### Data extract
--------

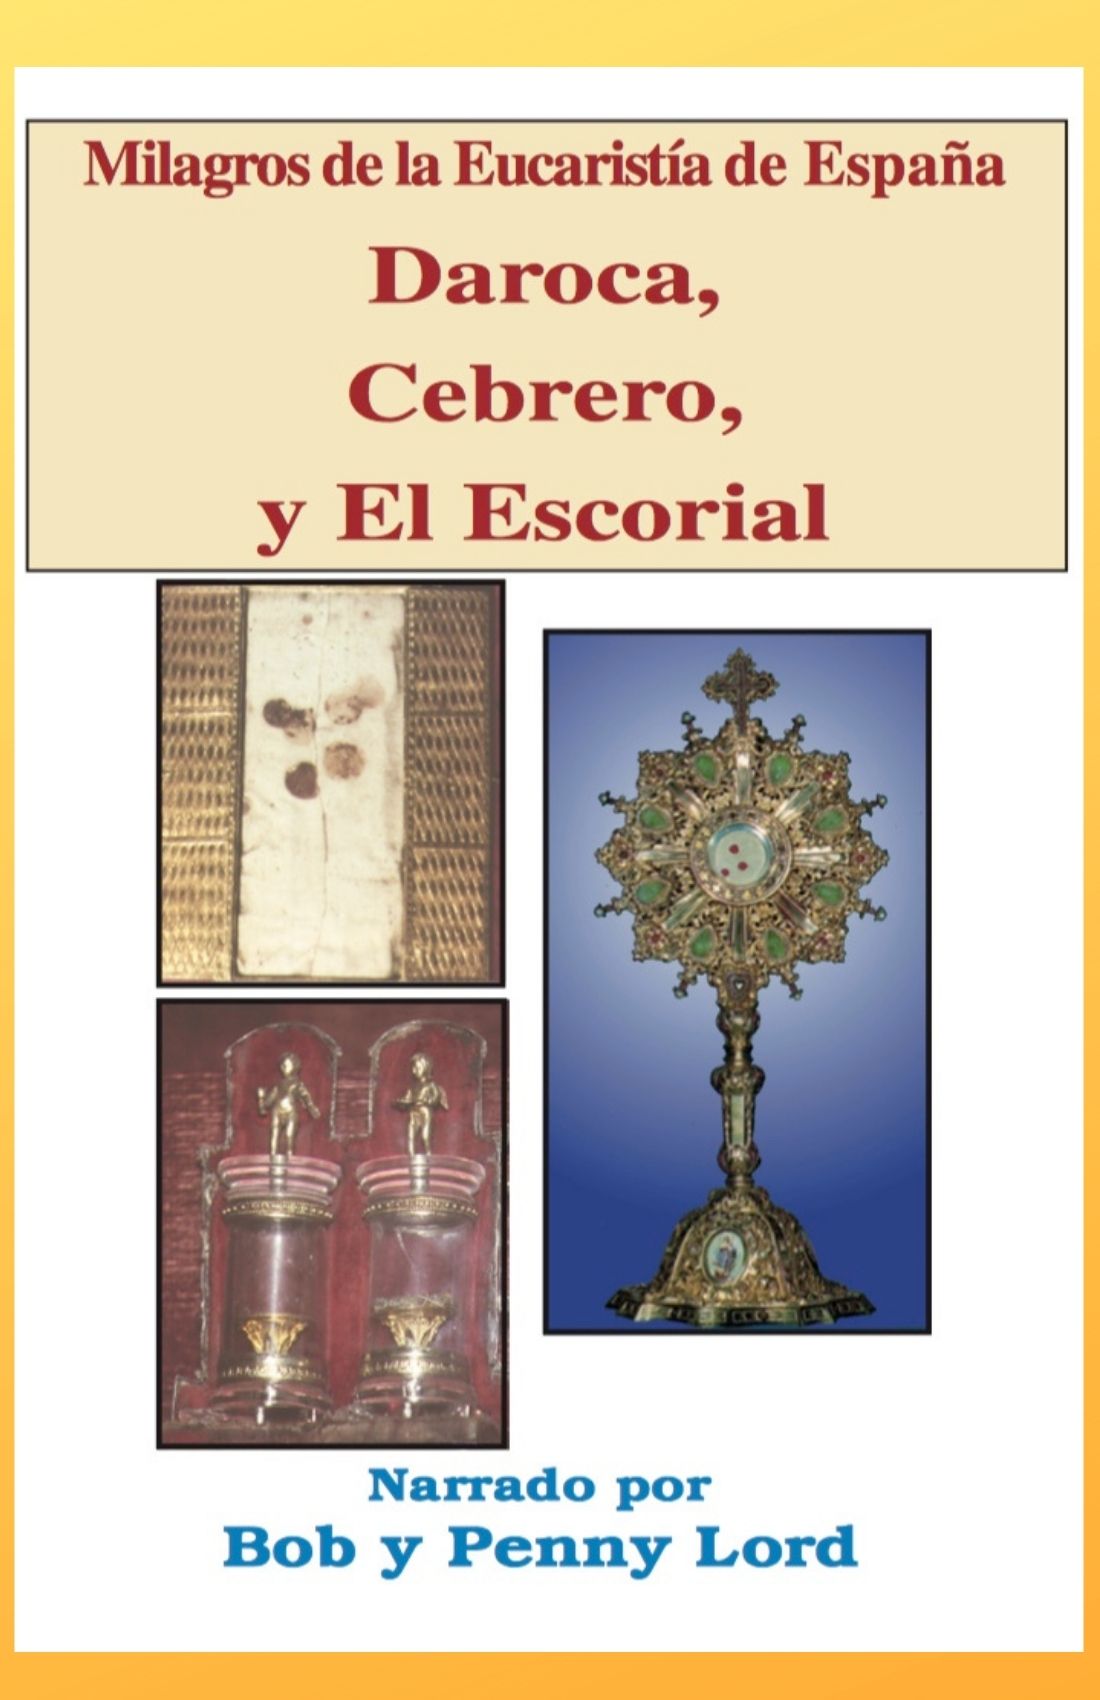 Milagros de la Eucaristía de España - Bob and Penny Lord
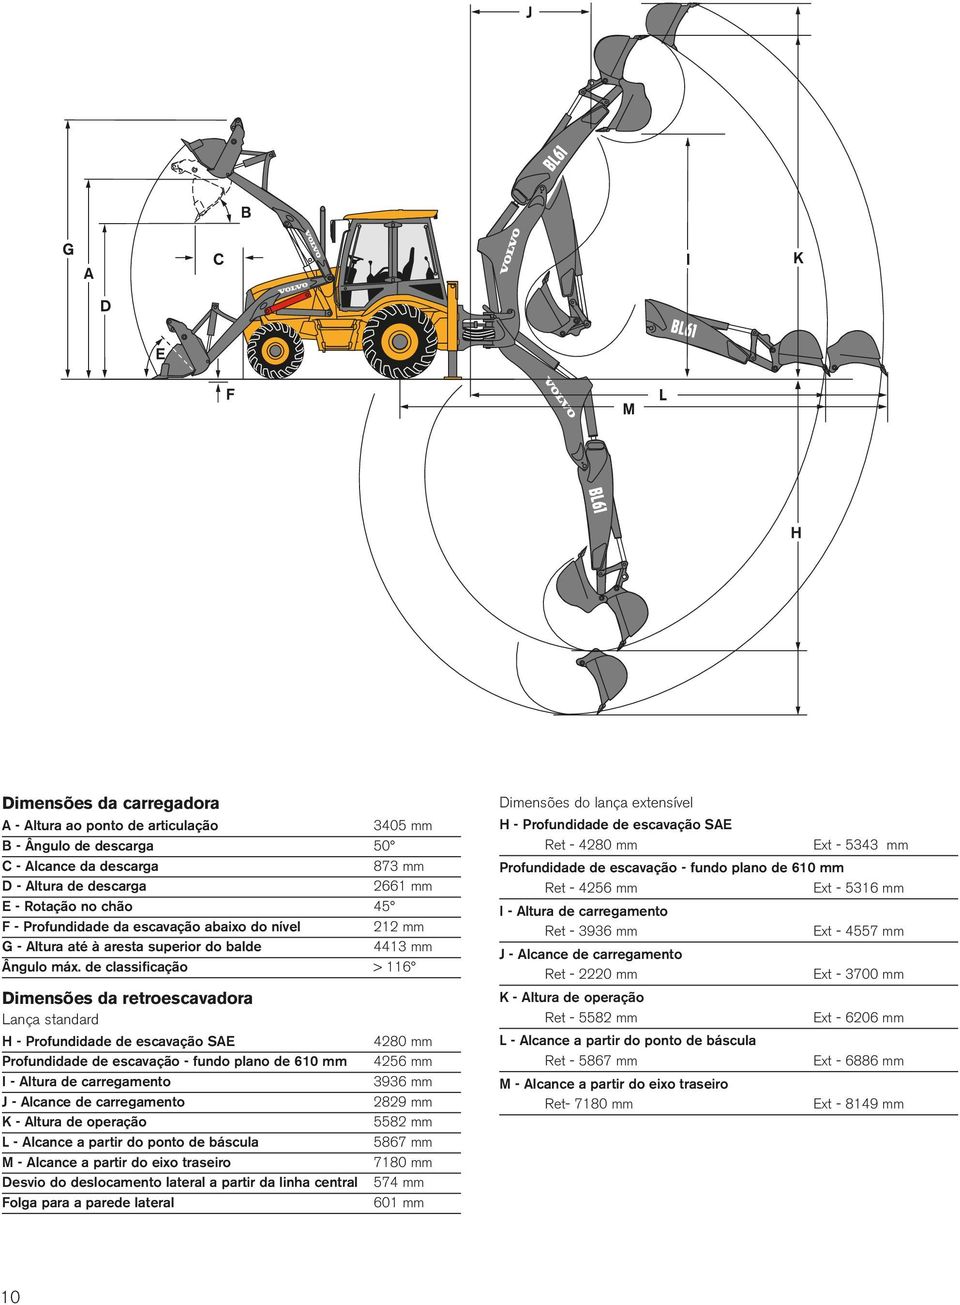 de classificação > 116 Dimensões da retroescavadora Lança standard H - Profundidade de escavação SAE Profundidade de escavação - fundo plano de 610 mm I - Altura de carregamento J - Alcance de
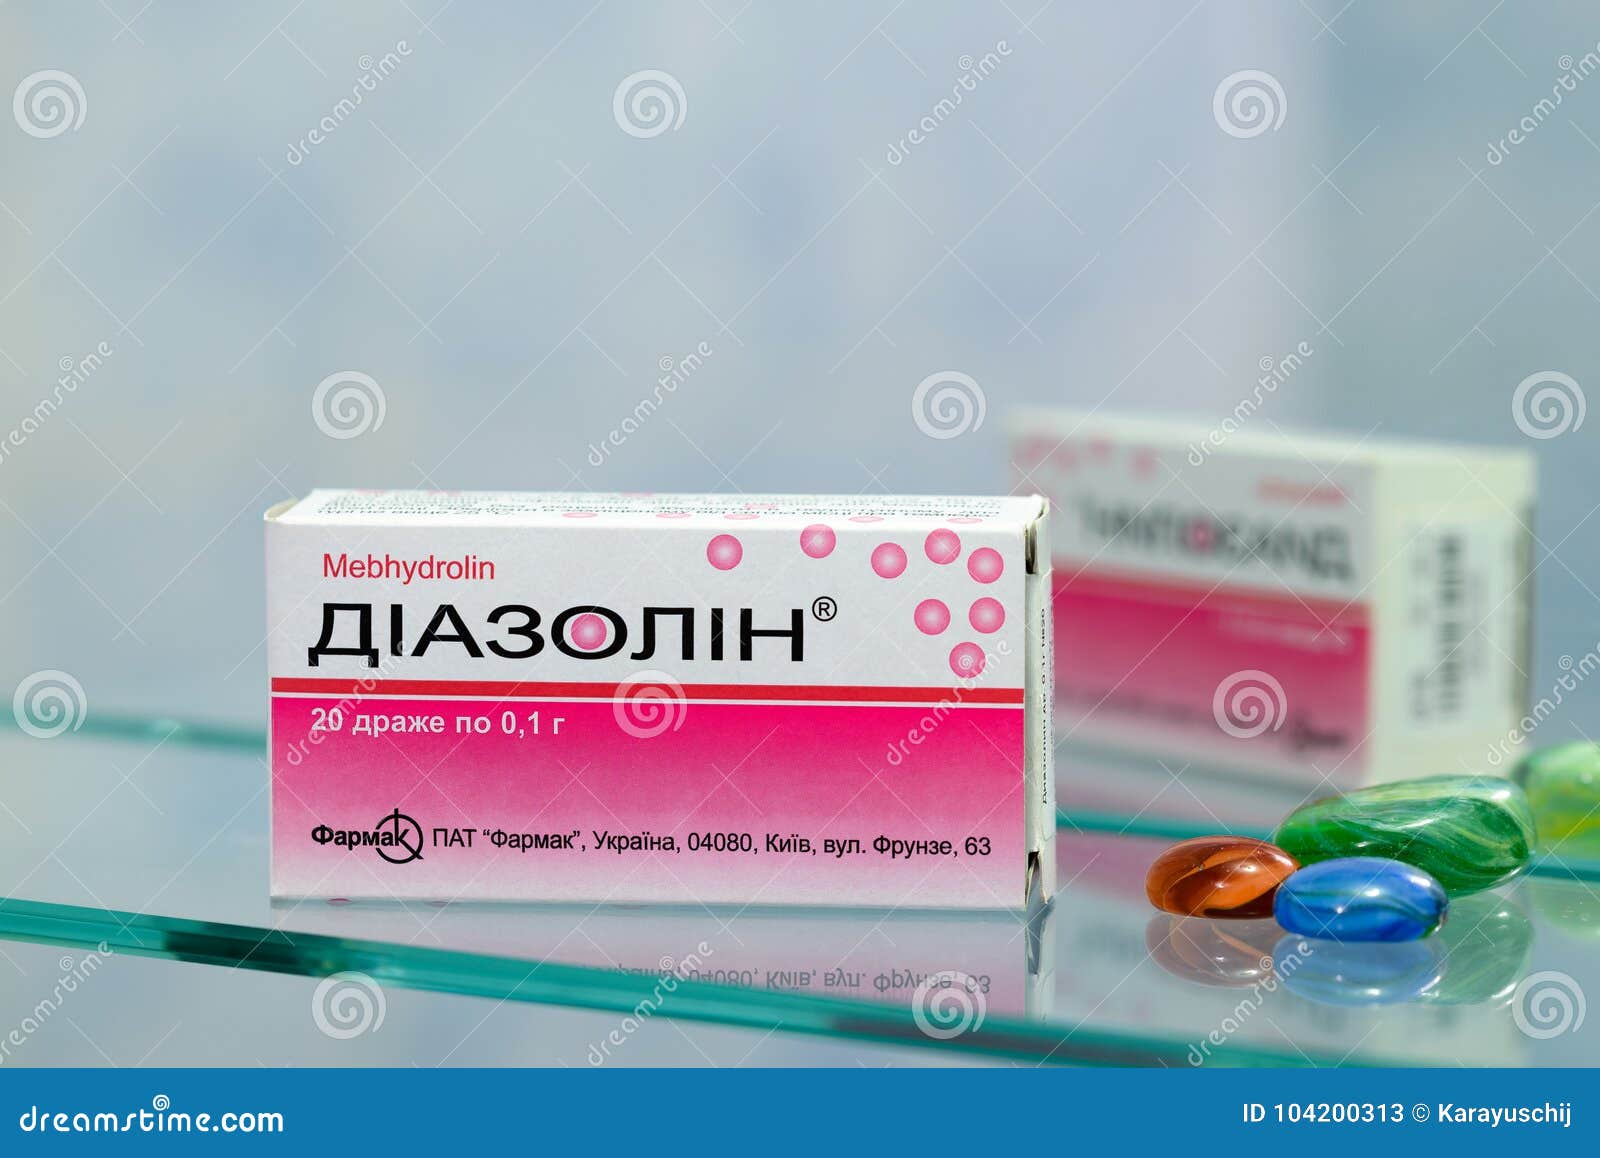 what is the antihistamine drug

--------

### Exercise details
Reproduce all the material exactly, omitting images.

### Result for this task
 Milagros de la Eucaristía de España - Bob and Penny Lord
 de classificação > 116 Dimensões da retroescavadora Lança standard H - Profundidade de escavação SAE Profundidade de escavação - fundo plano de 610 mm I - Altura de carregamento J - Alcance de
 what is the antihistamine drug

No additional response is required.